Mechanical property characterization:
in order to test the mechanical strength and ionic conductivity of the polymer solid electrolyte membrane, the mixed solution is directly coated on a glass plate, and then the glass plate is transferred to a vacuum oven with the temperature of 70-100 ℃ for solidification, so that the polymer solid electrolyte membrane is obtained.

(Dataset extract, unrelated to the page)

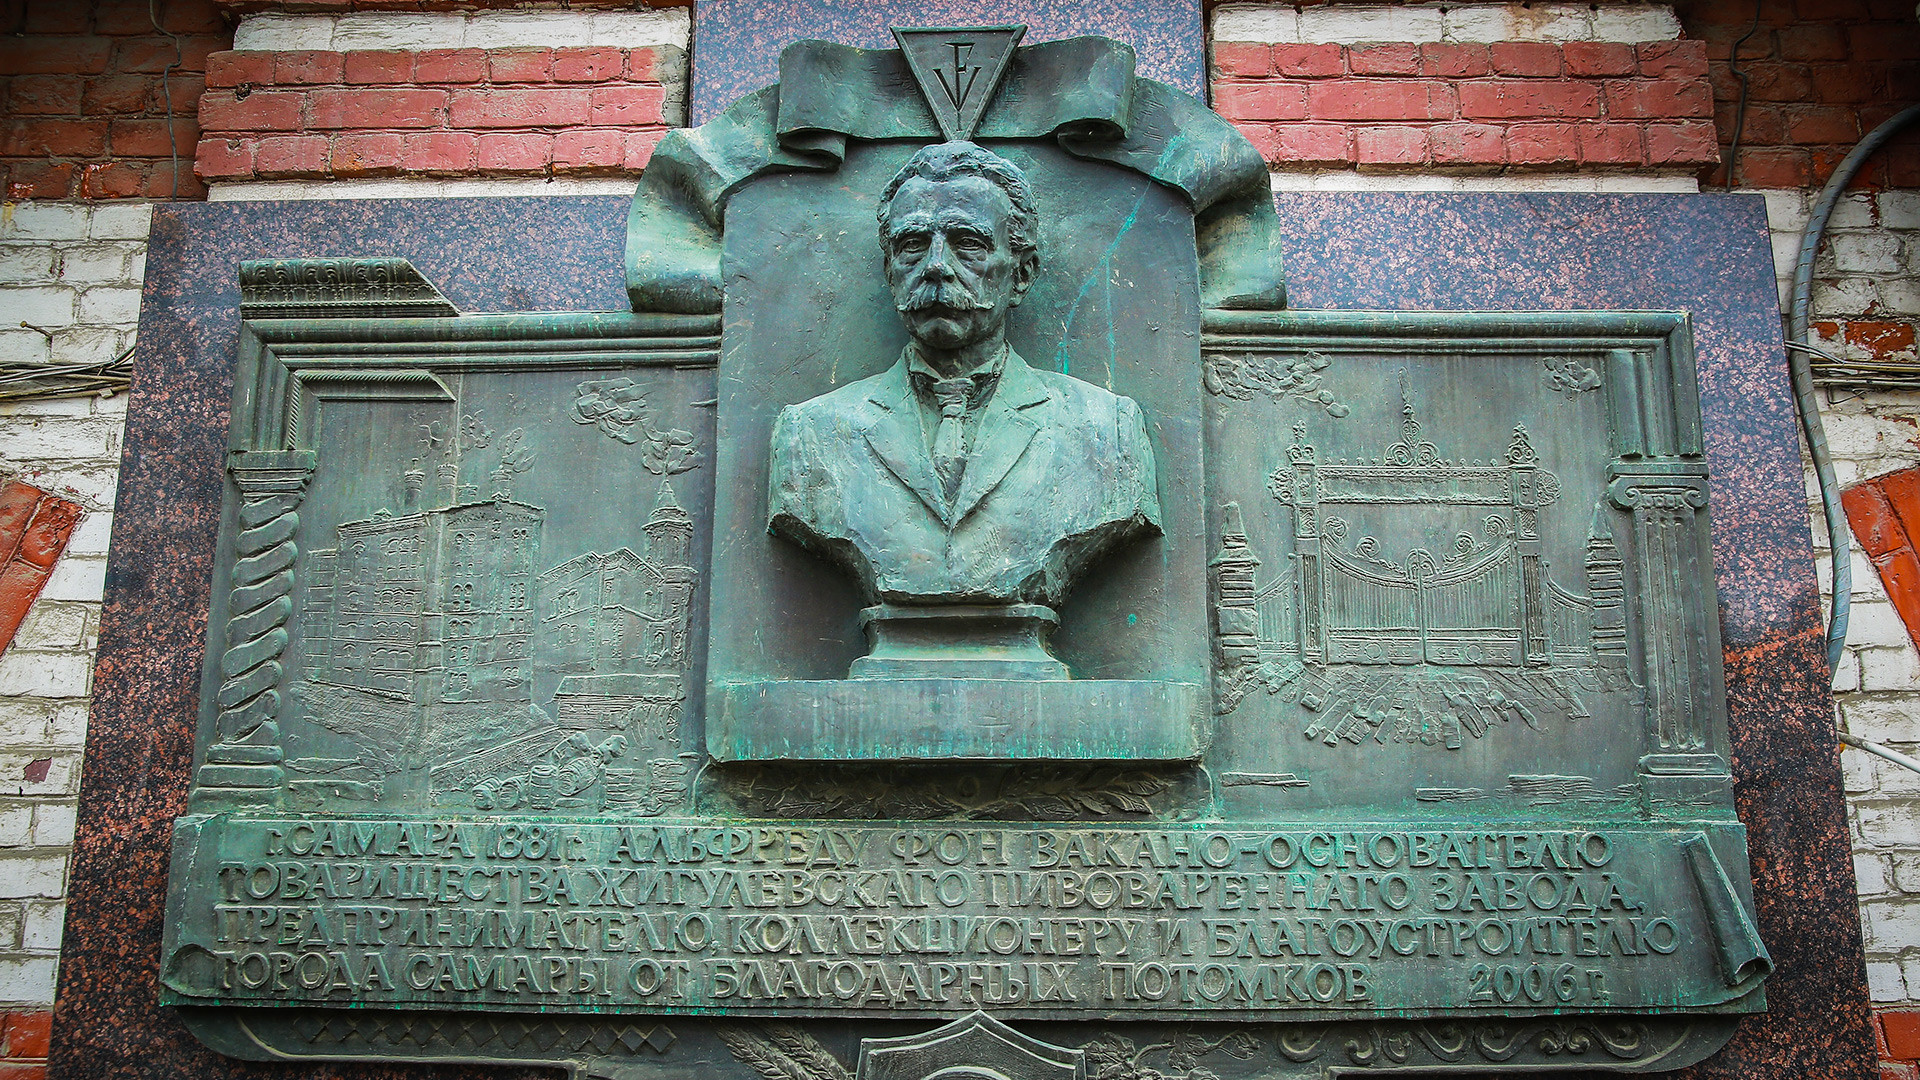 A memorial plaque to the founder of “Zhigulevskoye” beer brewery and Austrian nobleman Alfred von Vacano in Samara.

According to GB1040-92 plastic tensile property test method, performing tensile force test under the condition of 10mm/min, wherein the test temperatures are respectively 30 ℃ and 60 ℃, each sample is repeatedly tested for 5 times, and the average value of the three middle values is taken; testing the AC internal resistance of the pressed solid electrolyte at 30 ℃ by adopting a double-probe method, wherein the frequency range is 1-106HZ and alternating current impedance directly reflect the lithium ion transmission resistivity, and in order to reduce measurement errors, gold is sprayed on the bottom and the top of a sample before testing.
(II) battery performance characterization:
the 2035 button solid-state battery obtained in each of examples 1 to 3 and 1 to 5 was subjected to charge/discharge cycles at a rate of 0.1C at a temperature of 30 ℃ in a voltage range of 2.8 to 4.2V, and the test was stopped when the battery short-circuited at the time of termination of the life (at a voltage drop rate exceeding 5 mV/S).
TABLE 1 mechanical Property test results of the Polymer composite solid electrolyte films of examples 1 to 5 and comparative examples 1 to 3
TABLE 2 results of cell performance test for examples 1-5 and comparative examples 1-3
As can be seen from table 1: the method provided by the invention can obviously improve the mechanical strength and electrochemical performance of the PEO-based polymer solid electrolyte, and the bicontinuous crosslinking treatment can effectively improve the mechanical strength of an electrolyte membrane and inhibit the crystallinity of PEO; the added ionic liquid has excellent compatibility with a PEO matrix, enhances the dissociation tendency of lithium ions, improves the distribution uniformity of the high-conductivity SN filler, obviously improves the ionic conductivity of the electrolyte and has no obvious negative effect on the mechanical strength; the uncured solid electrolyte is adopted, so that the compatibility with the interface of the pole piece is enhanced, the internal resistance of interface ion transmission is further reduced, and the cycle life of the solid battery is greatly prolonged.
The above description is only a preferred embodiment of the present invention, and is not intended to limit the present invention in any way, and other variations and modifications may be made without departing from the spirit of the invention as set forth in the claims.